~Pourri
- Company type: Private
- Industry: Air freshener
- Founded: 2007
- Founder: Suzy Batiz, Founder & CEO
- Headquarters: Addison, Texas, United States
- Products: Toilet spray, personal care
- Website: www.poopourri.com

= Pourri =

American fragrance company

Pourri (also written ~Pourri) is a company that designs and sells fragrant sprays for toilets. It is the maker of Poo-Pourri, a product composed of essential oils and other natural compounds that coat the surface of the water. The manufacturer claims that these compounds can contain unpleasant odors.

The name of the company is a pun on potpourri.

== History ==
In 2007, after nine months of trying sprays, Suzy Batiz, founded the company and spent $25,000 of her own to begin making Poo-Pourri. The company was advertised by word of mouth for the first six years.

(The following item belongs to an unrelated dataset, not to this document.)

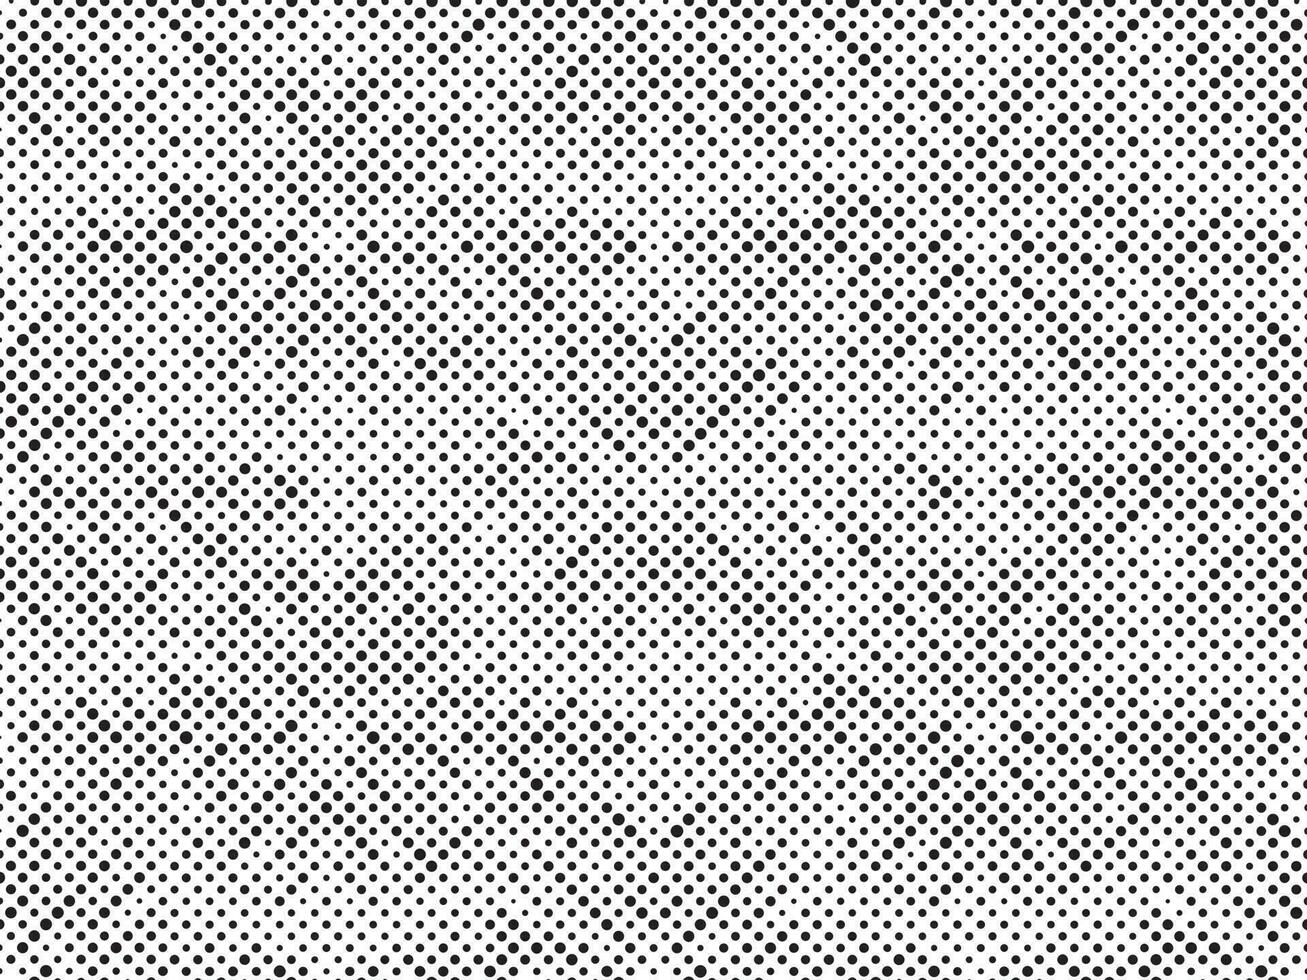 svart och vit halvton rutnät. modern minimalistisk geometrisk mönster vektor

In 2013, the company's advertisement video, Girls Don't Poop, starring Bethany Woodruff, made its debut and was seen more than 31 million times. In April 2014, Poo-Pourri was available at 9,000 stores, including CVS, Bed Bath & Beyond, Ulta, ACE and True Value.

By January 2016, the company had sold over 17 million bottles of Poo-Pourri, and that October, their new online video team, 'Number 2 Productions', sent out the video, How to Poop at a Party. In 2016, Poo-Pourri was valued at $300 million.

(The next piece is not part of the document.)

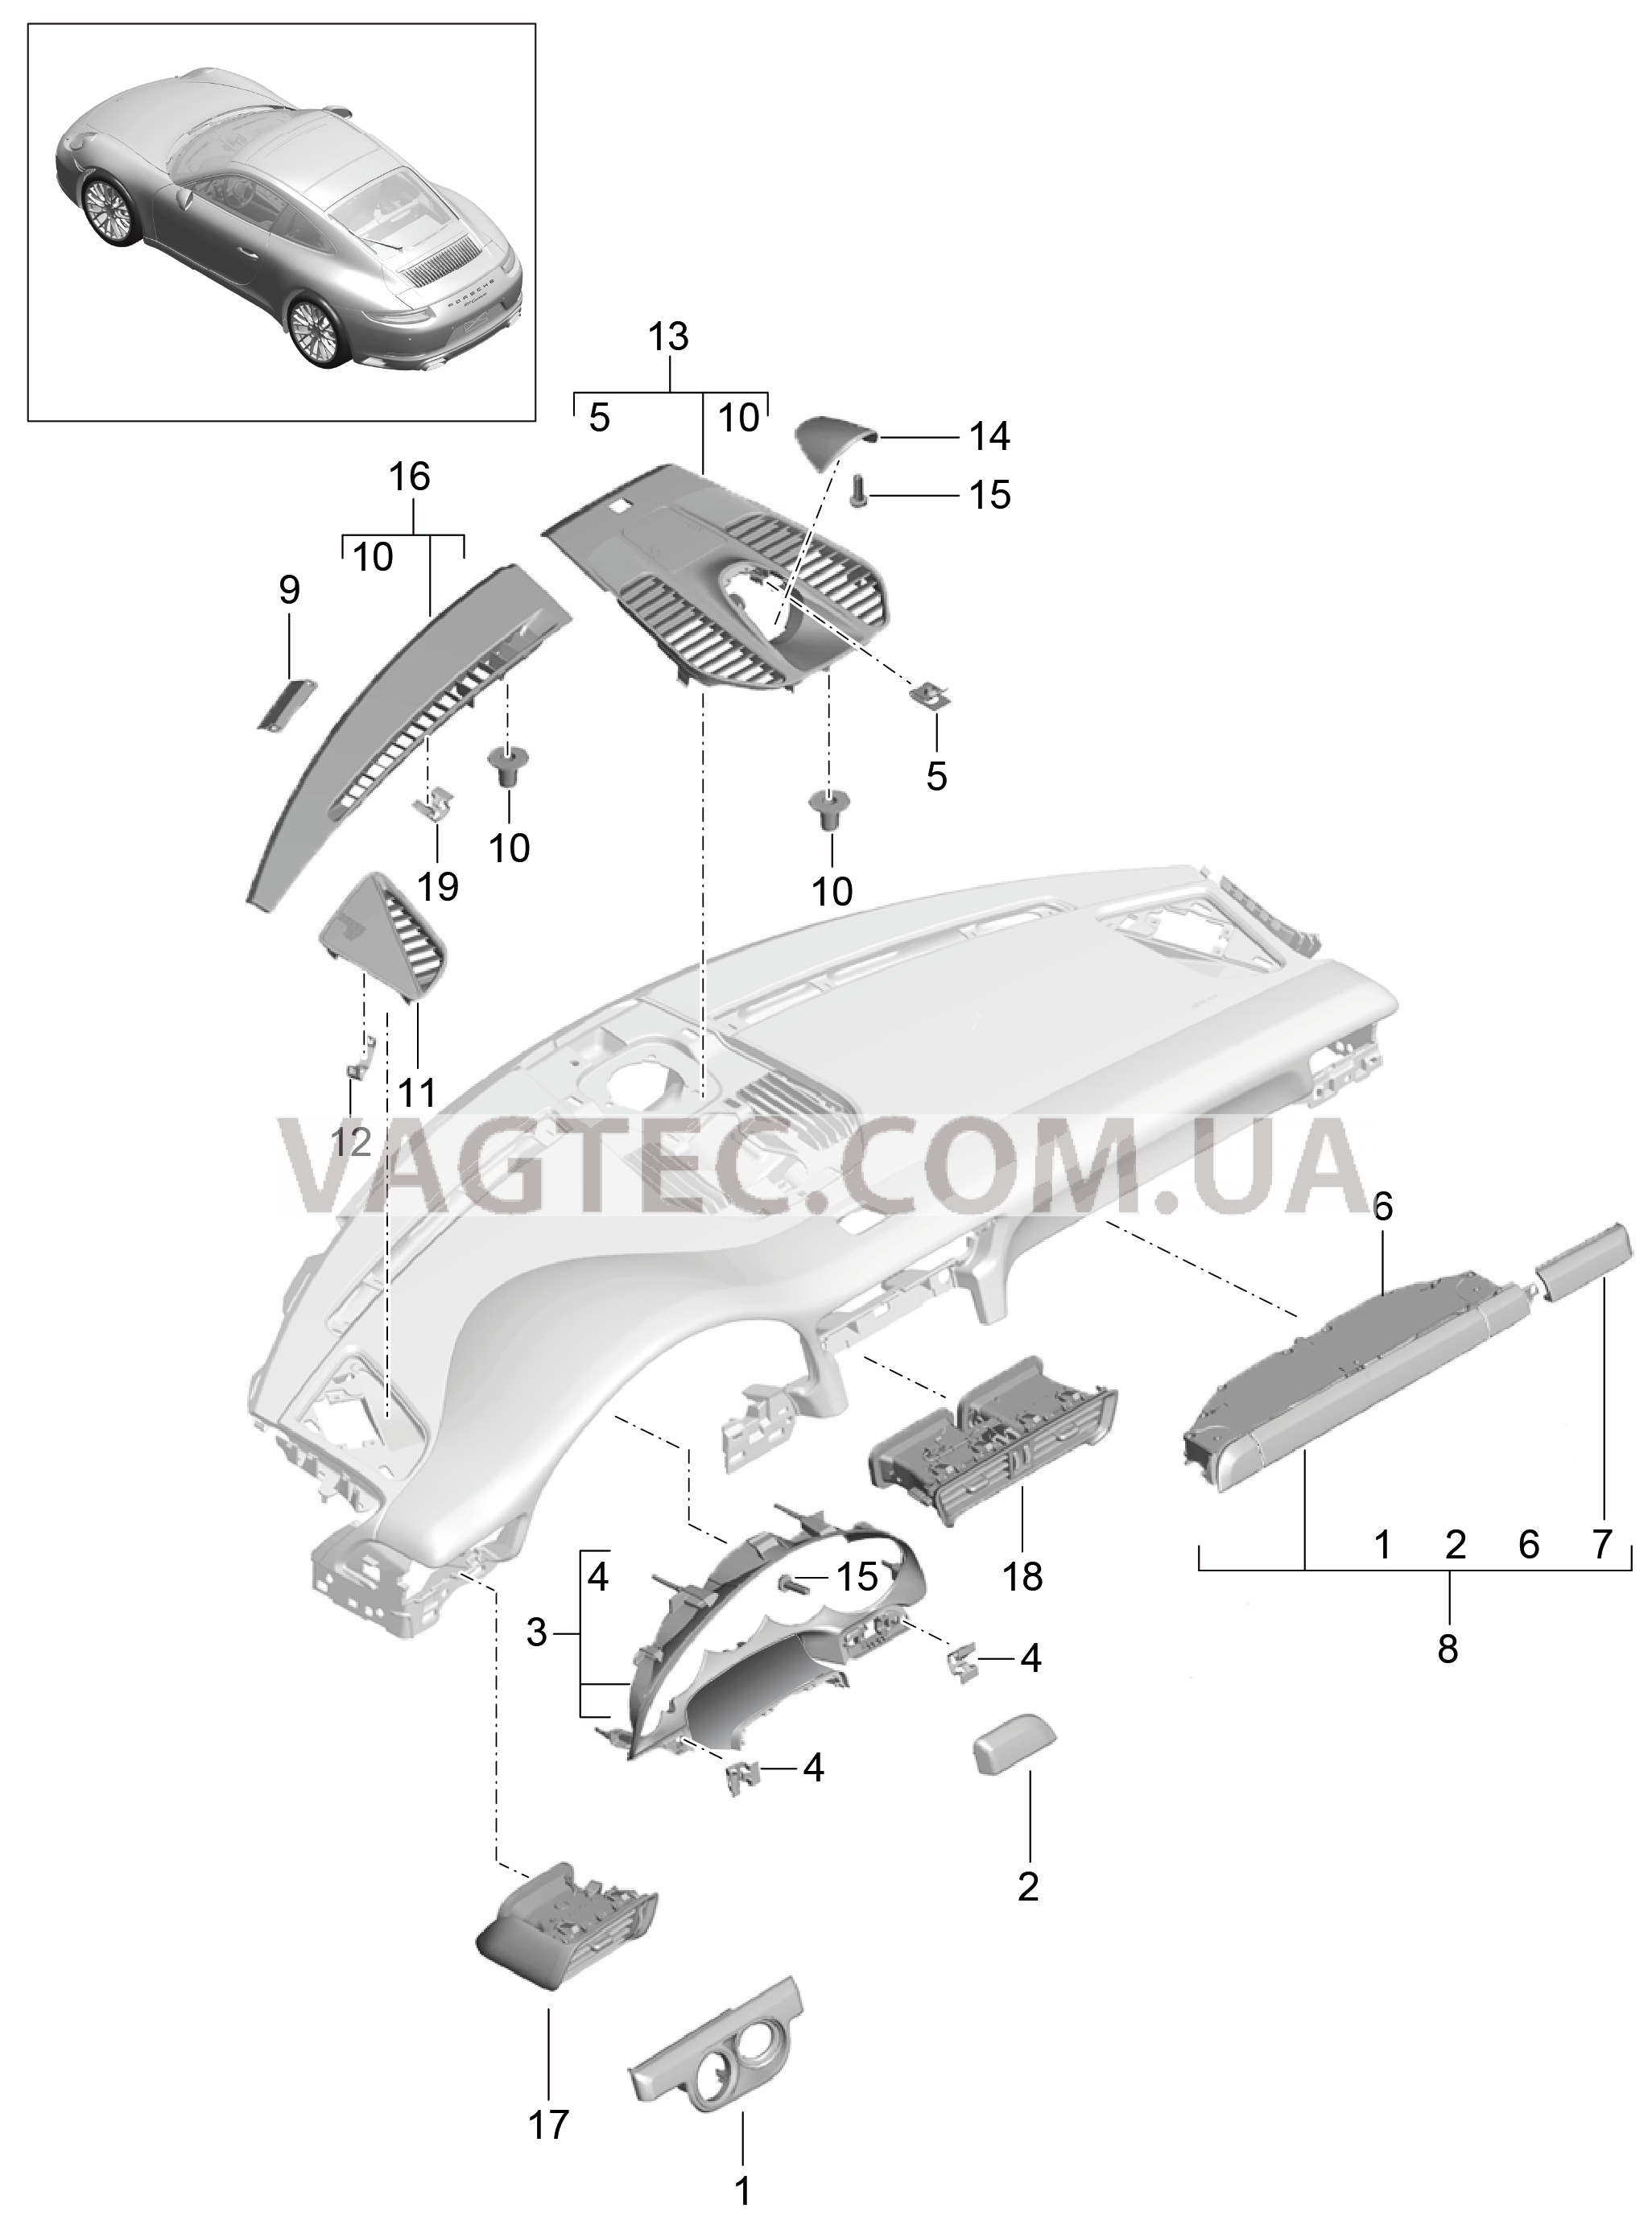 809-005 Детали, Облицовка передней панели, Верхняя часть для PORSCHE 911.Carrera 2017-2018USA

By May 2019, the company had sold over 60 million bottles of Poo-Pourri and its videos had over 350 million combined views.

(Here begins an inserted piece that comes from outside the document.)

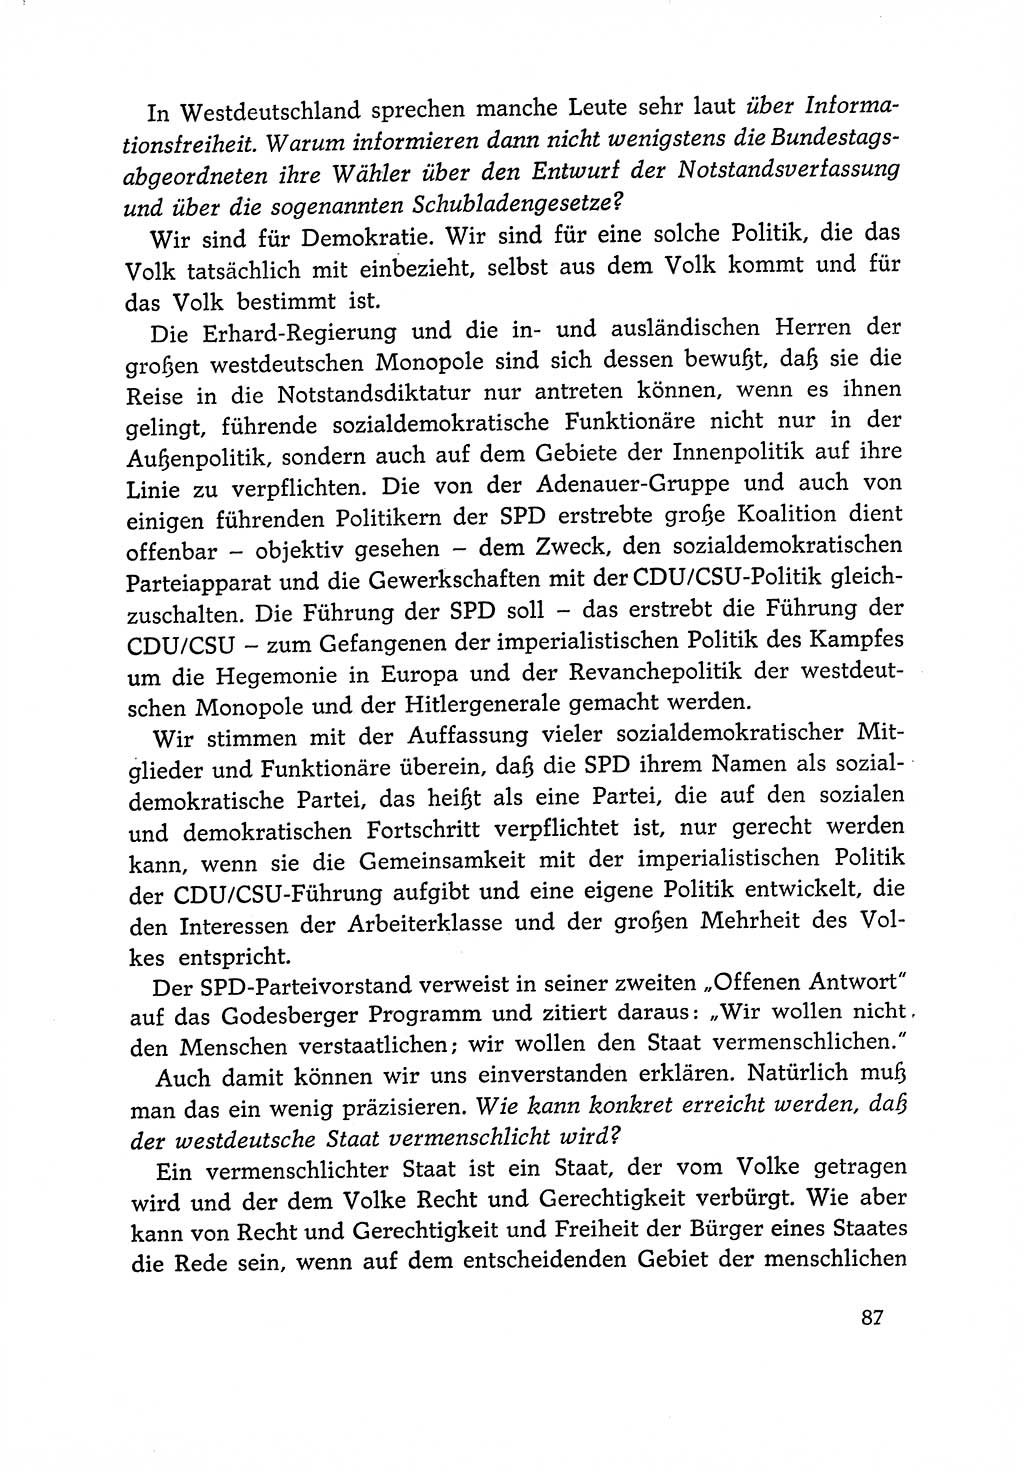 Dokumente der Sozialistischen Einheitspartei Deutschlands (SED) [Deutsche Demokratische Republik (DDR)] 1966-1967, Seite 87 (Dok. SED DDR 1966-1967, S. 87)

In 2022, the company rebranded from Poo~Pourri to ~Pourri and branched out into other categories of odor elimination.

== Recognition ==
USA Today called Girls Don't Poop one of 2013's worst advertisements.

In May 2014, at the 18th Annual Webby Awards ceremony, Poo-Pourri won the People's Voice Award in the Consumer Goods category and Edison Award in the Innovative Services category. That year, Giuliana Rancic picked Poo-Pourri as her 'top gift for coworkers' for E! News' Holiday Gift Guide. In 2015 and 2016, the Inc. 5,000 list included Poo-Pourri, and in 2016, the spray was one of the magazine's 27 Coolest Products. In November 2016, Kathy Lee Gifford listed Poo-Pourri as one of her 'favorite things' on the Today Show. In 2019, Batiz was recognized on Forbes Richest Self-Made Women list.